When he was three, I tried to bring friends to him. But he always came unstuck, like a badly fevicoled toy. I tried to make him independent, and today he is more dependent than ever on me. I struggled to get his handwriting even between the two lines and four lines and today it still overflows all over the page like a garbage bin. I thought we would start a vocational centre at home for him and others like him; today he is happy just taking care of the pens carefully pinned on his shirt the whole day long. I taught him to cook, self serve food and eat without spilling and his best moments are when he merely opens his mouth and food feeds itself from my plate…
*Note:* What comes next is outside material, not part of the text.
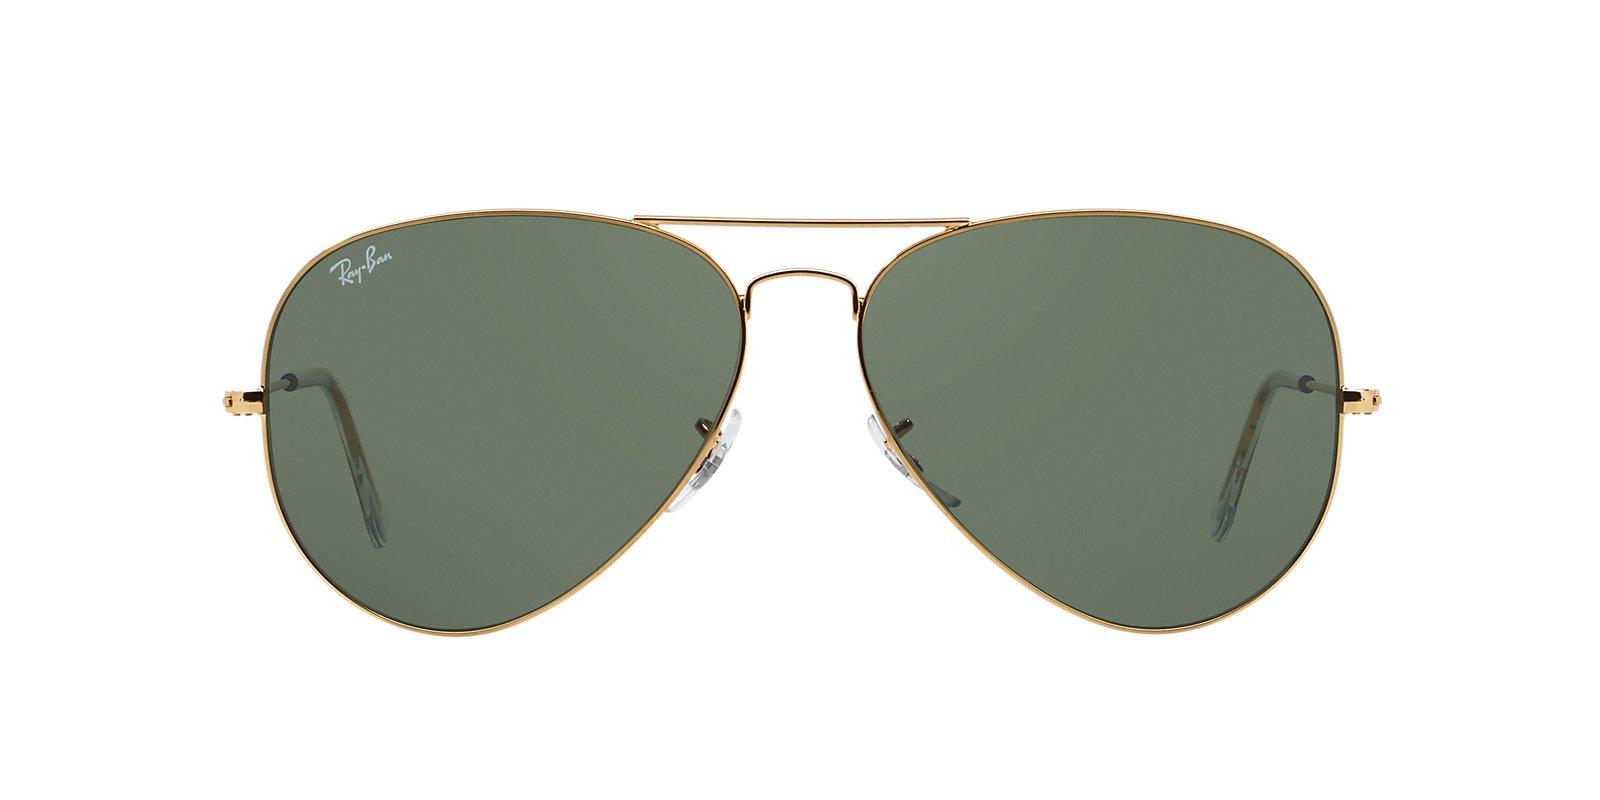 Ban rb3026 62 aviator ii large sunglasses from sunglass hut http://www.sunglasshut.com/us/805289628460

But has tragedy struck just because a 28 year old can’t reason too much, or write well or because he wont touch food unless I give it to him? Or because he hasn’t yet figured out how to tell a bigger number from a smaller number. Or because he can only see Life through the window I open for him. Or because he puts all his faith in me, like eggs in one basket?

Am I a cross carrying martyr for having borne such a unique child? For merely reinventing myself all the time, reconfiguring my days, my thoughts, my hopes and expectations in the context of his? To think of him as a 10 year old, have expectations as from a 8 year old and to treat him as a 28 year old…or as instinct tells me.

That would be too grim a term for a lifestyle which is more unconventional than painful, more creatively flexible than just easy. Task analysis is now second nature to me as it the ability to see life upside down, inside out, fragmented or holistic.

Not to talk of all the Plain Gains…

Imagine. In ascending order… A diplomatic passport with a bouquet from society :“I understand…I am sorry…you are great(!!)”, a whole new view of life, a different time scale in which Time either goes back, stops, pauses or races according to my son’s need, and the humility and the awe of Total Trust from a child (God should be feeling that way)…

I would rather keep the kaleidoscope, if not be one myself.